- RECORDS
○ ○ ○ ○ ○ ○ ○

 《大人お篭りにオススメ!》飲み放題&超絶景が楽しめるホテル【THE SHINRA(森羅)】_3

○ ○ ○ ○ ○ ○ ○

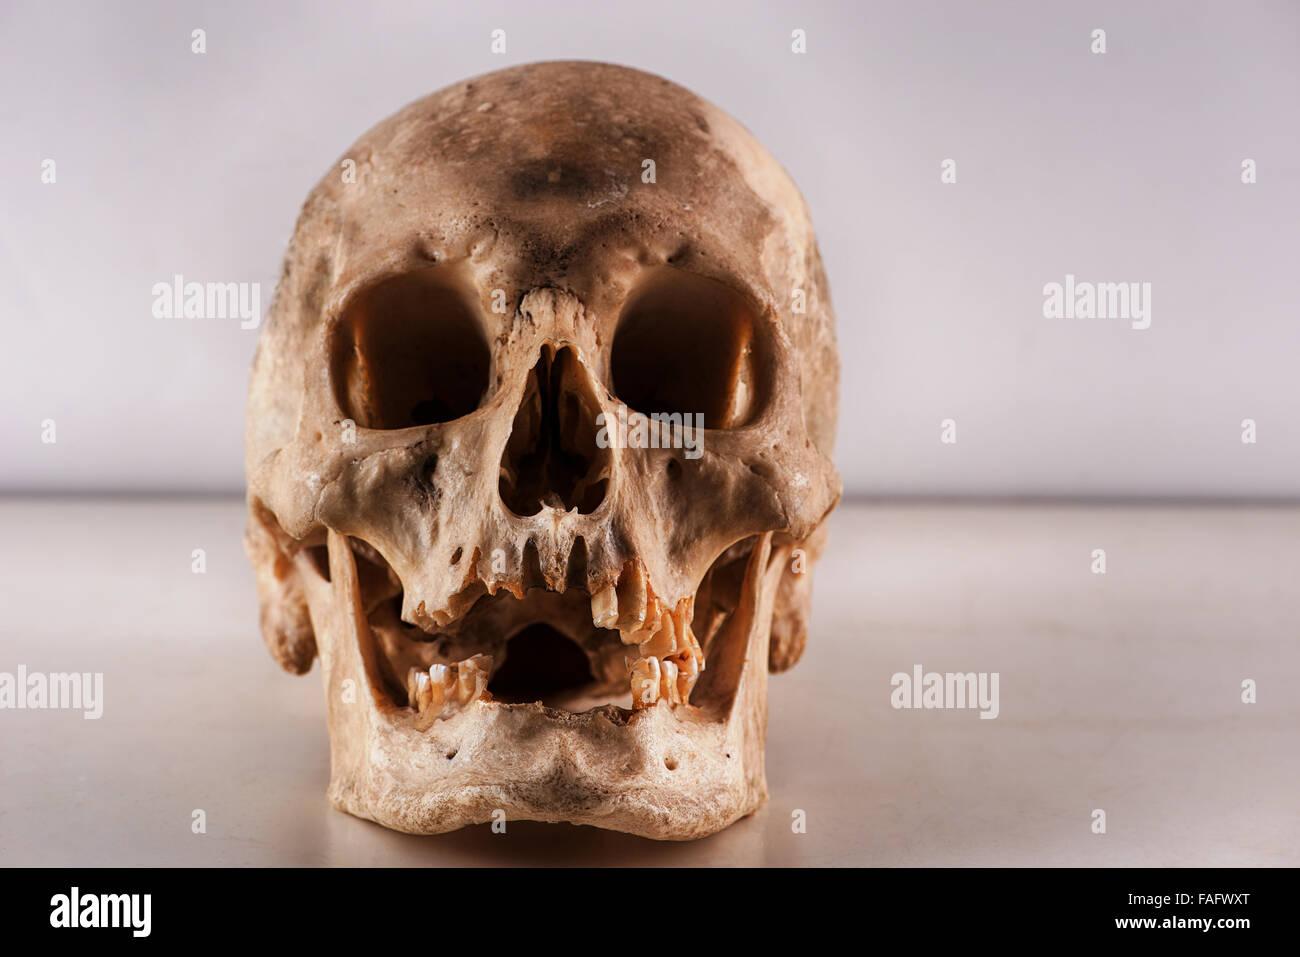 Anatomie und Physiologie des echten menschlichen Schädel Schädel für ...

○ ○ ○ ○ ○ ○ ○

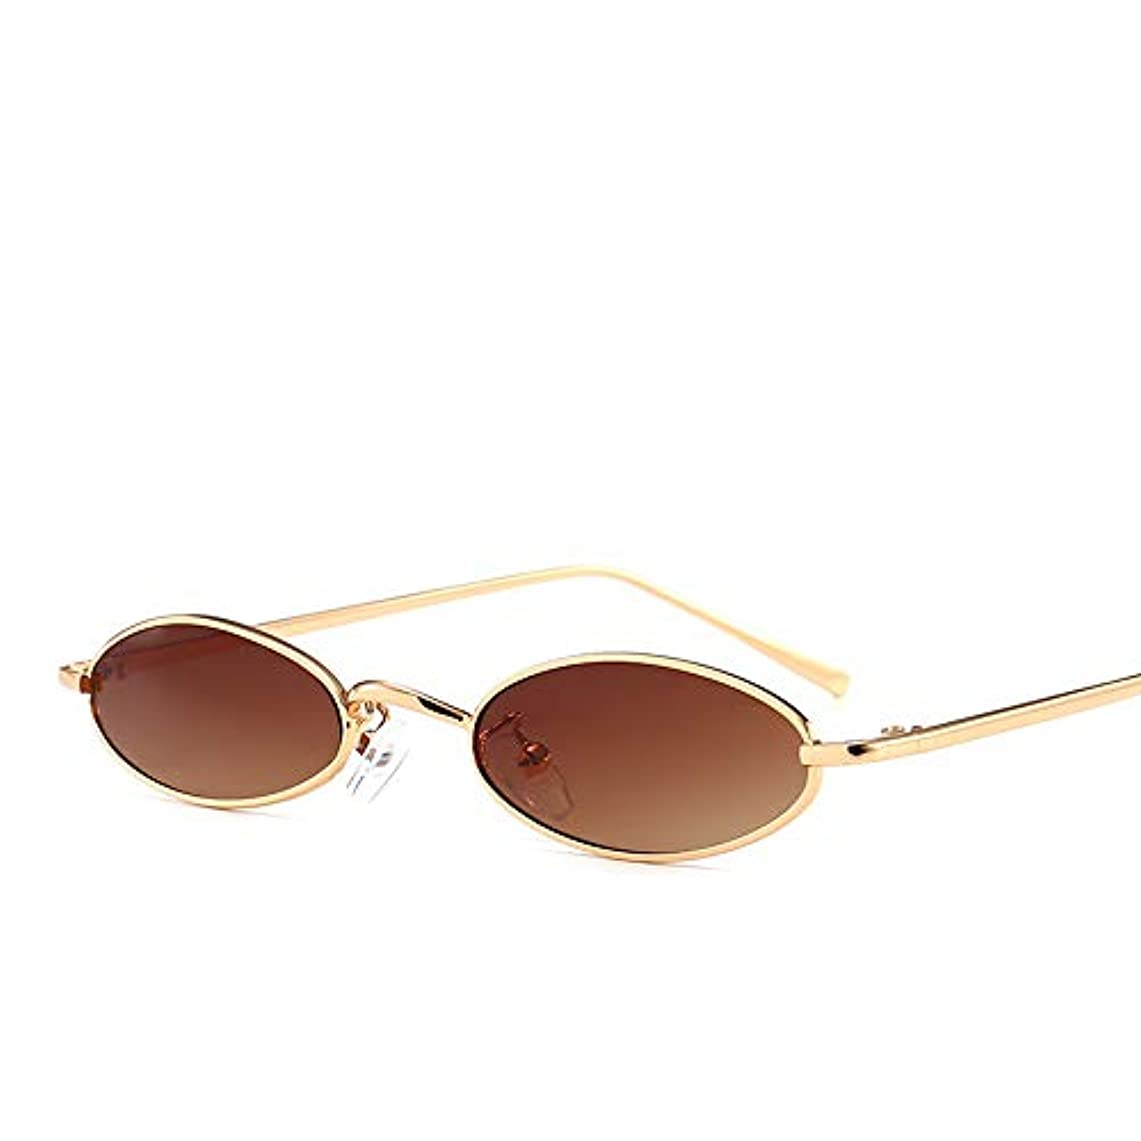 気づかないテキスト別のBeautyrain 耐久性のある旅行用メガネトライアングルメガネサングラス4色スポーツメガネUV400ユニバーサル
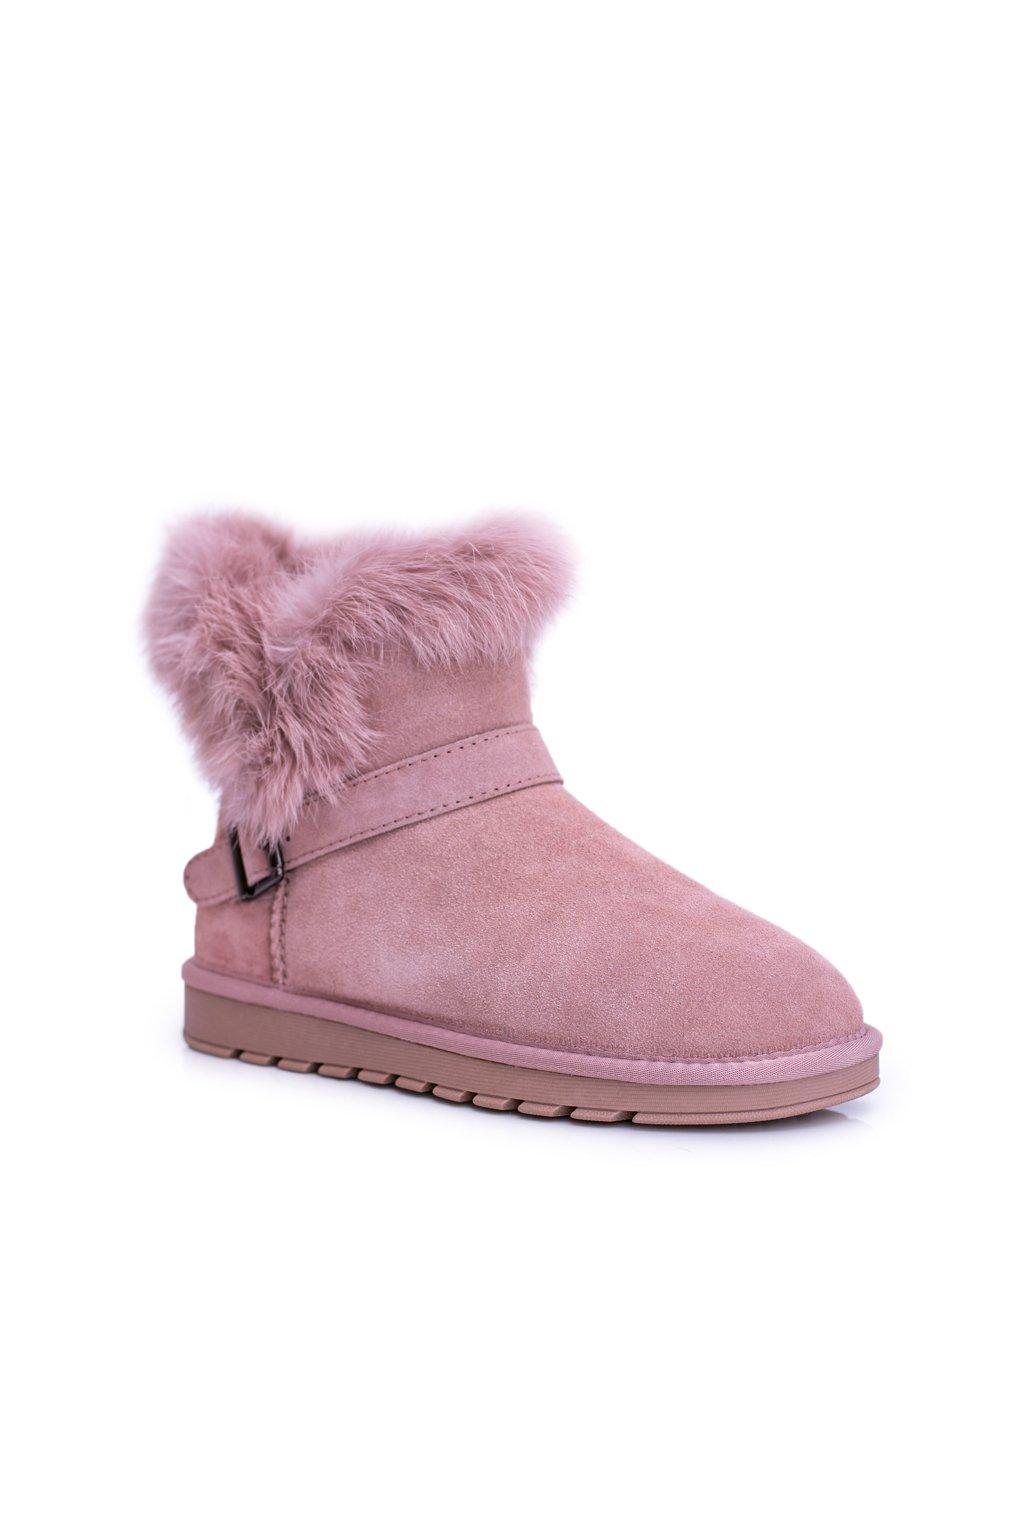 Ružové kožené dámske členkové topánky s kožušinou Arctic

○ ○ ○ ○ ○ ○ ○

- WHAT IS NEEDED
Look back over the records above. Reproduce exactly everything from the line with "気づかないテキスト別のBea" down to the line with "Ružové kožené dámske", inclusive, and leave the pictures out.

- WRITTEN SOLUTION
 気づかないテキスト別のBeautyrain 耐久性のある旅行用メガネトライアングルメガネサングラス4色スポーツメガネUV400ユニバーサル
 Ružové kožené dámske členkové topánky s kožušinou Arctic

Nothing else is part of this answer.